● **Task details**:
Quote, word for word, only the lines running from the line with "PILGRIM Oriental Bracelet" through the end of the listing. Leave out the pictures.

● **Source material**:
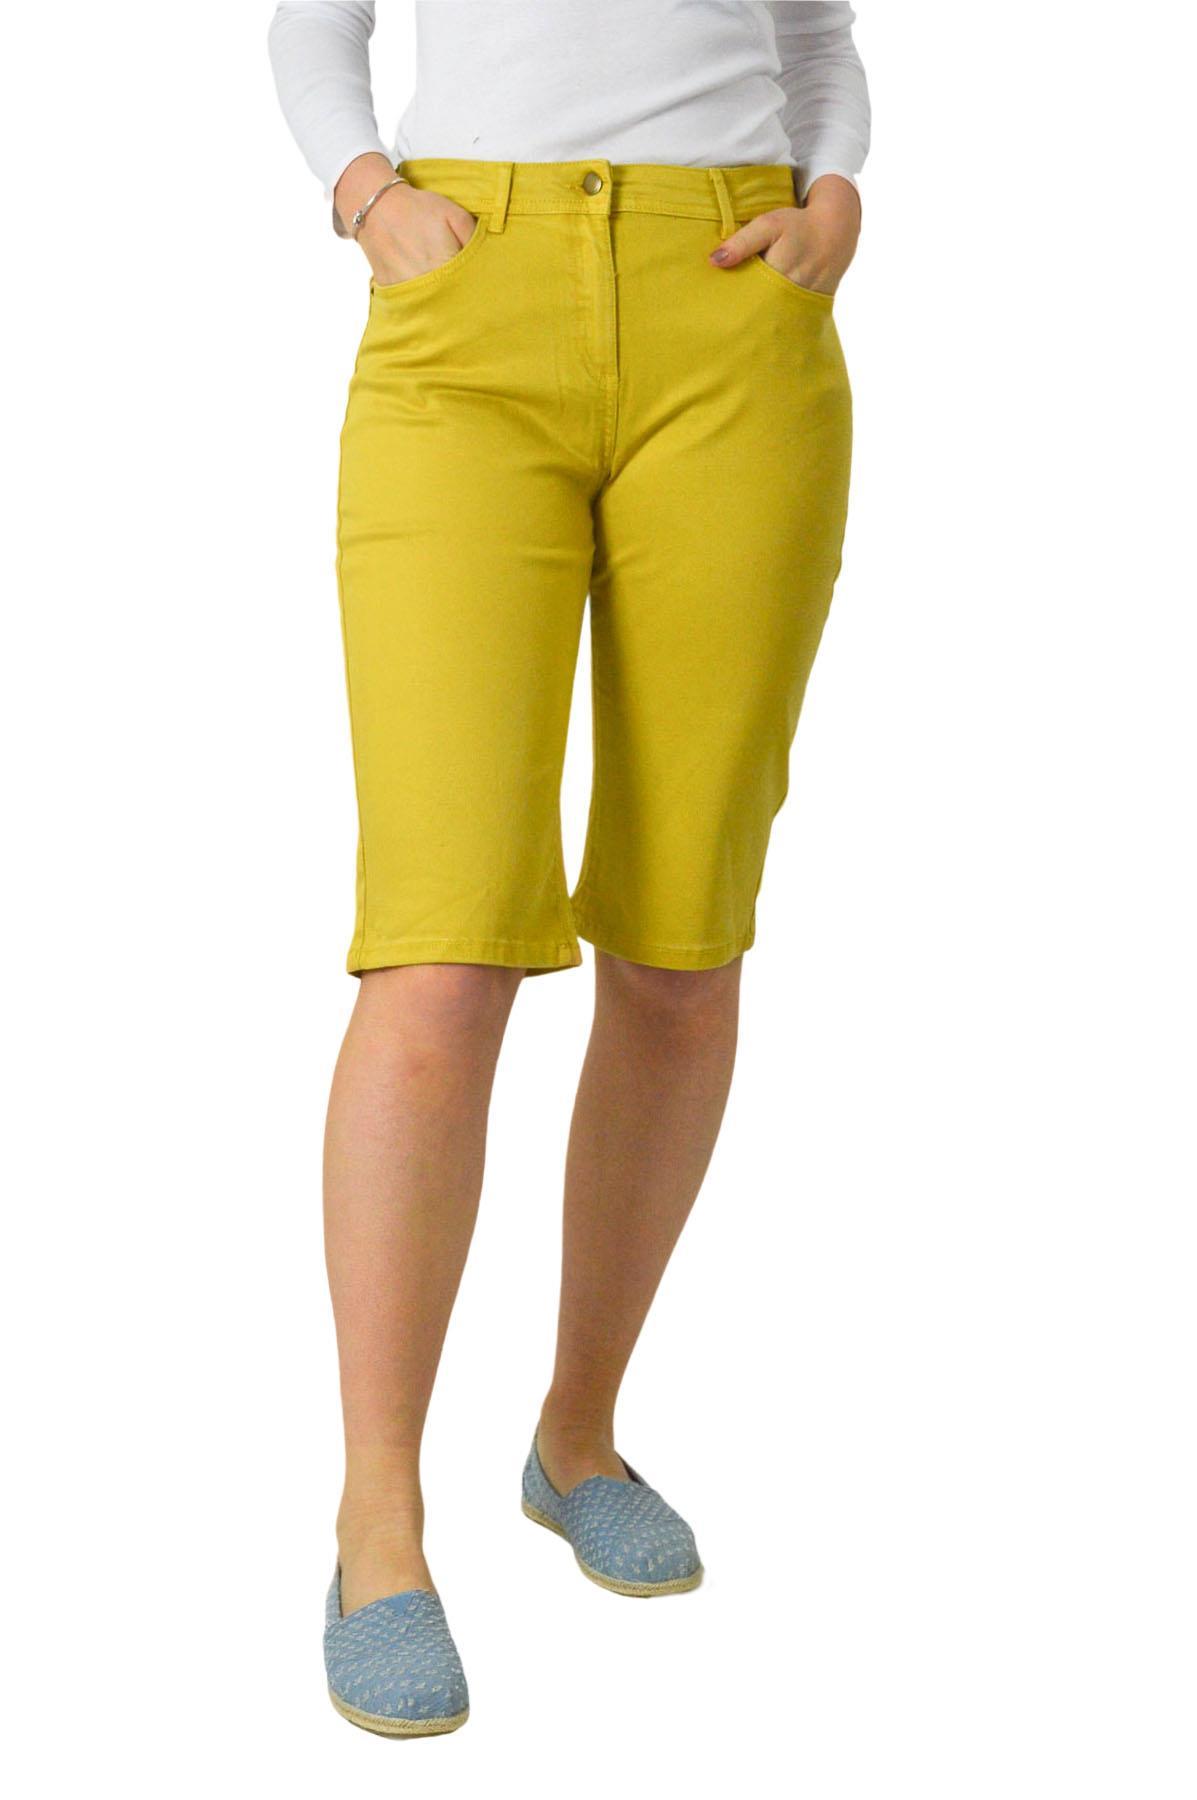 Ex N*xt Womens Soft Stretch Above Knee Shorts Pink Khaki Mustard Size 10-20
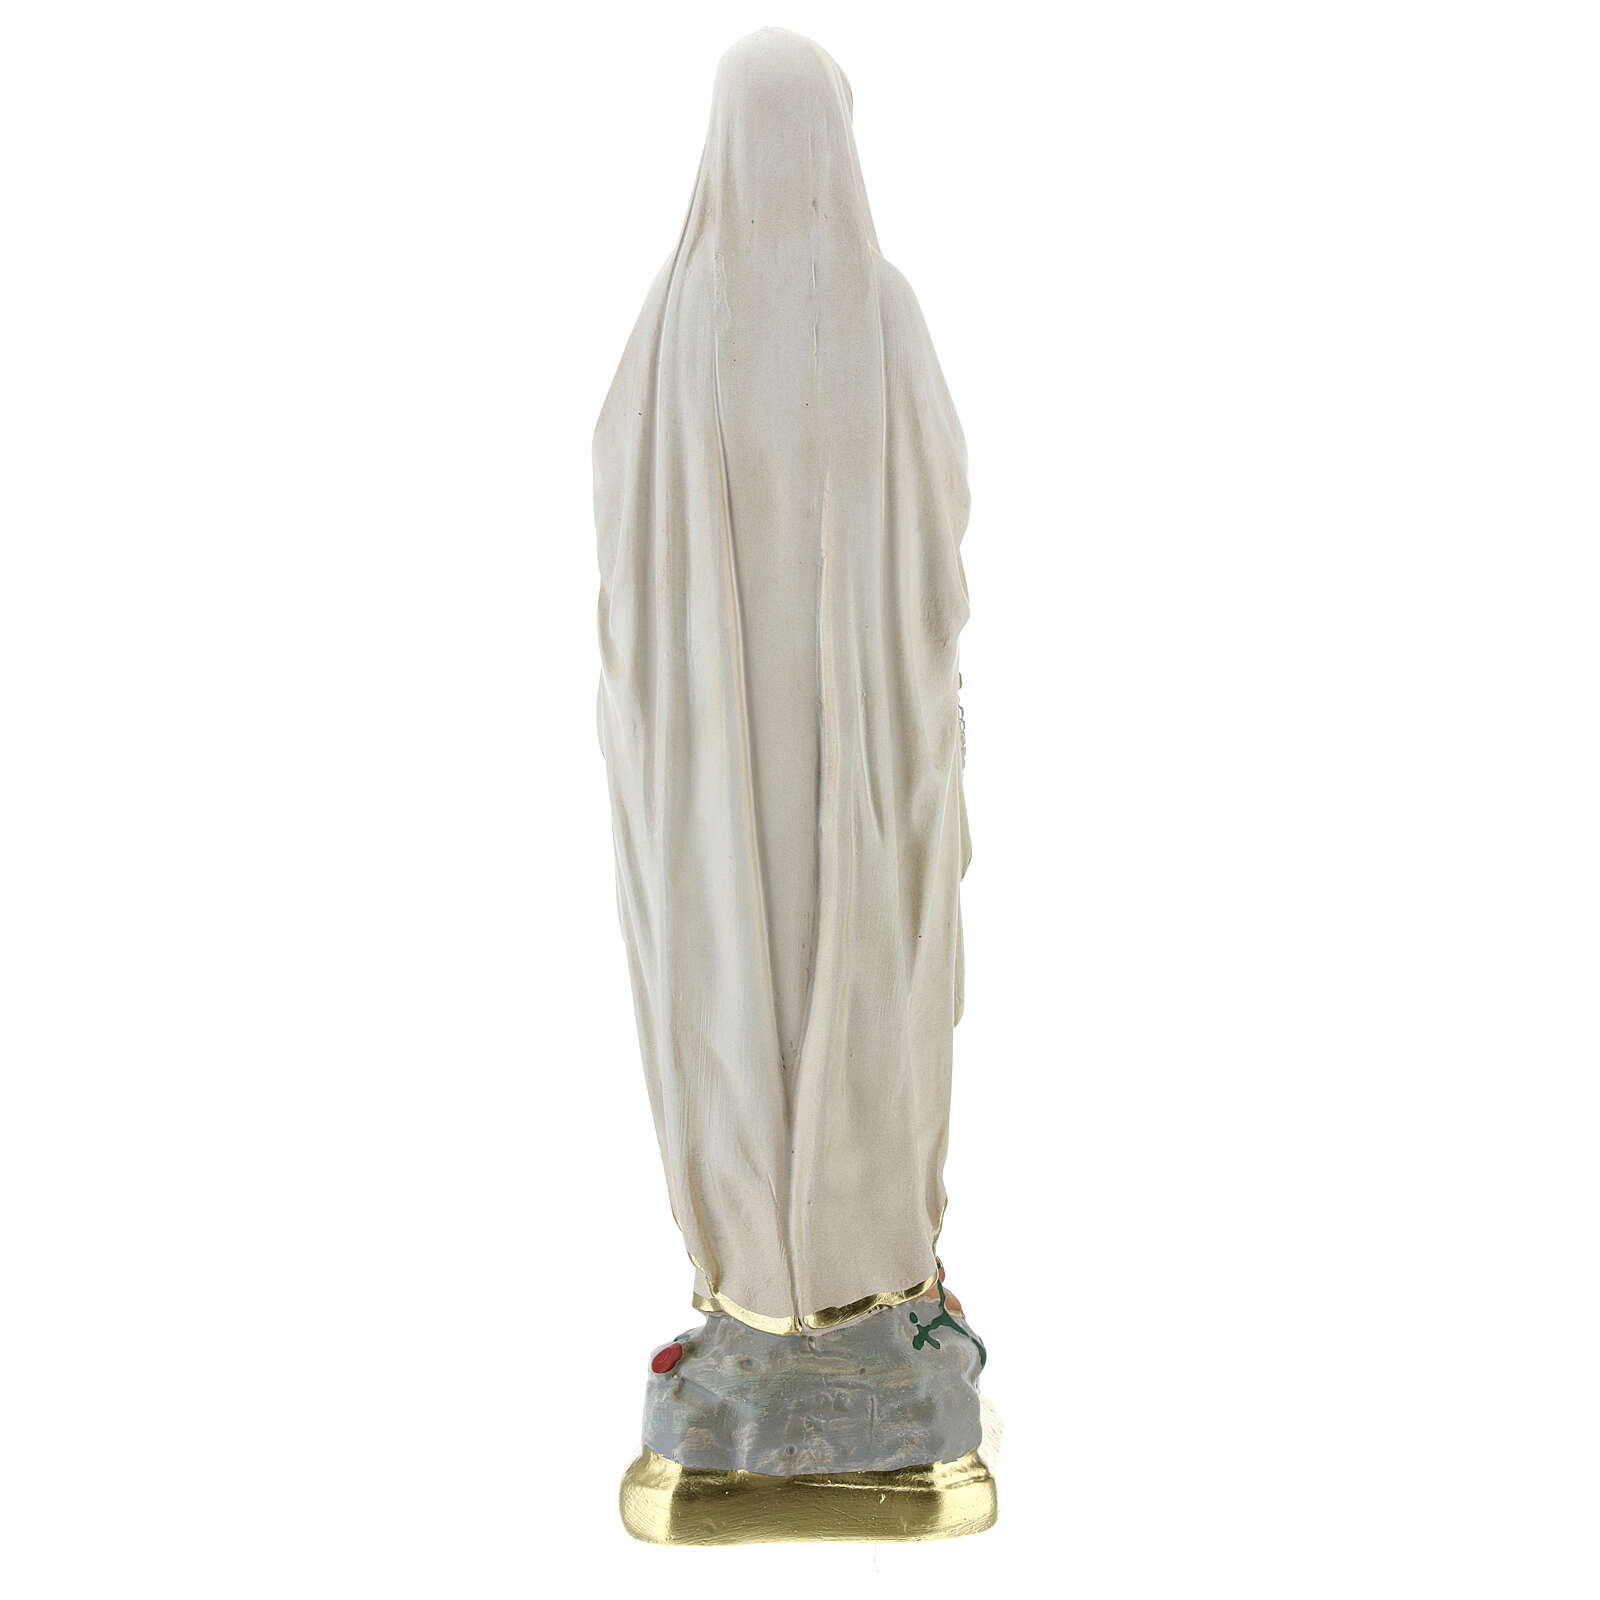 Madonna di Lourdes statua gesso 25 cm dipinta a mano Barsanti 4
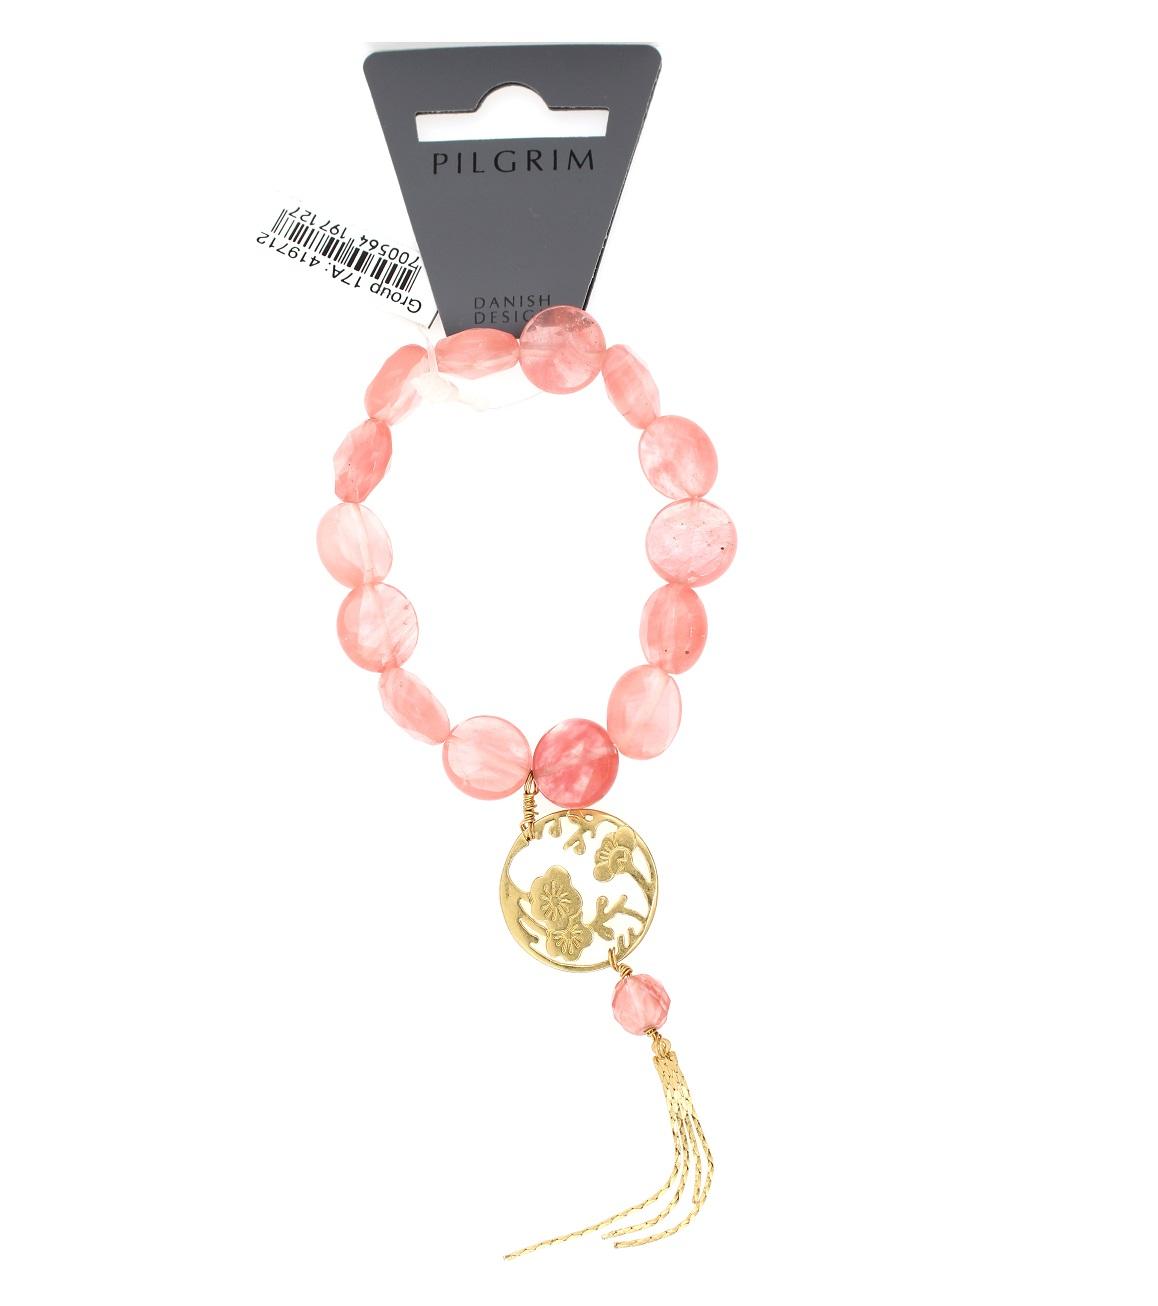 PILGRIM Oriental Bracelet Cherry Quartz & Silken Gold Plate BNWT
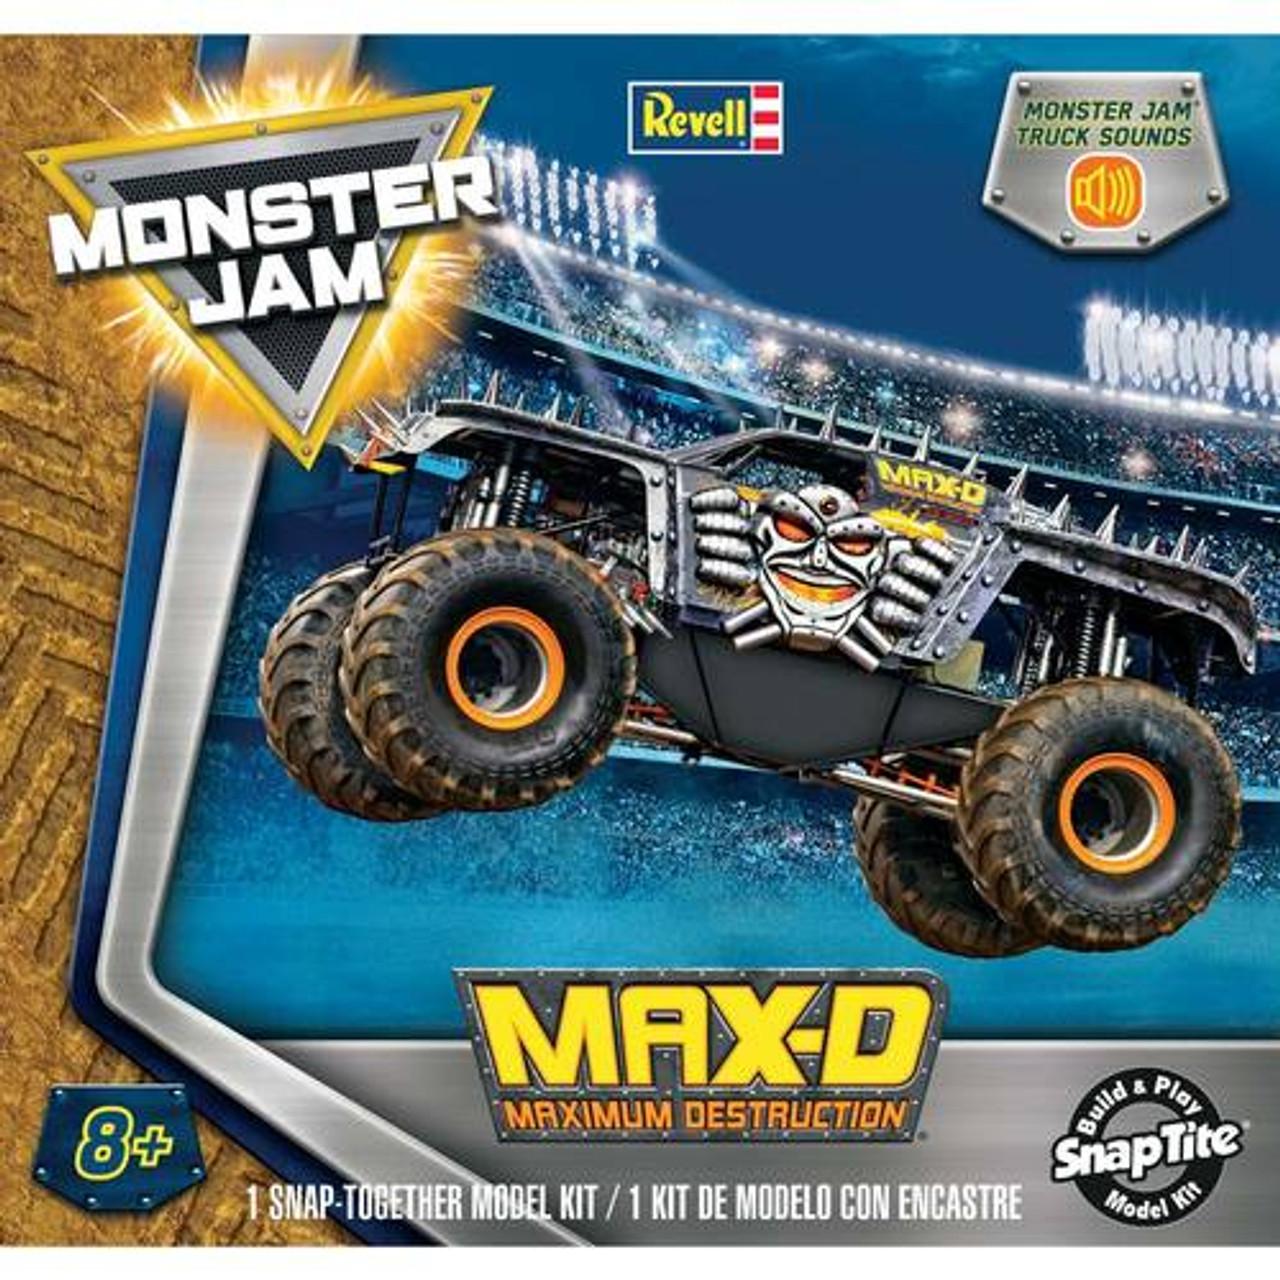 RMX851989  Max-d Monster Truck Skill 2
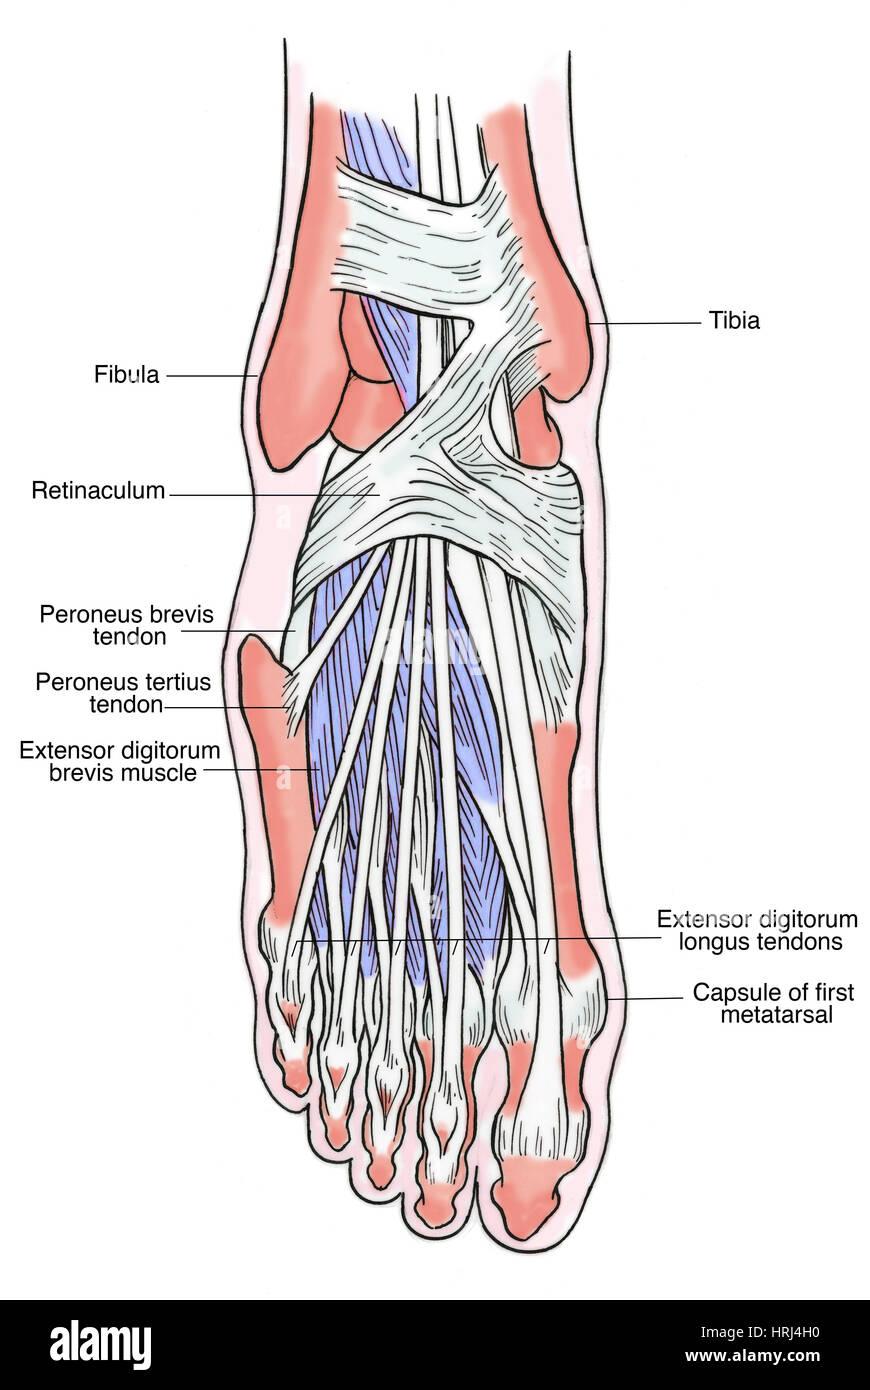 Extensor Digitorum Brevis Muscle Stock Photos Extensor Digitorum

● **Exercise result**:
 PILGRIM Oriental Bracelet Cherry Quartz & Silken Gold Plate BNWT
 RMX851989  Max-d Monster Truck Skill 2
 Extensor Digitorum Brevis Muscle Stock Photos Extensor Digitorum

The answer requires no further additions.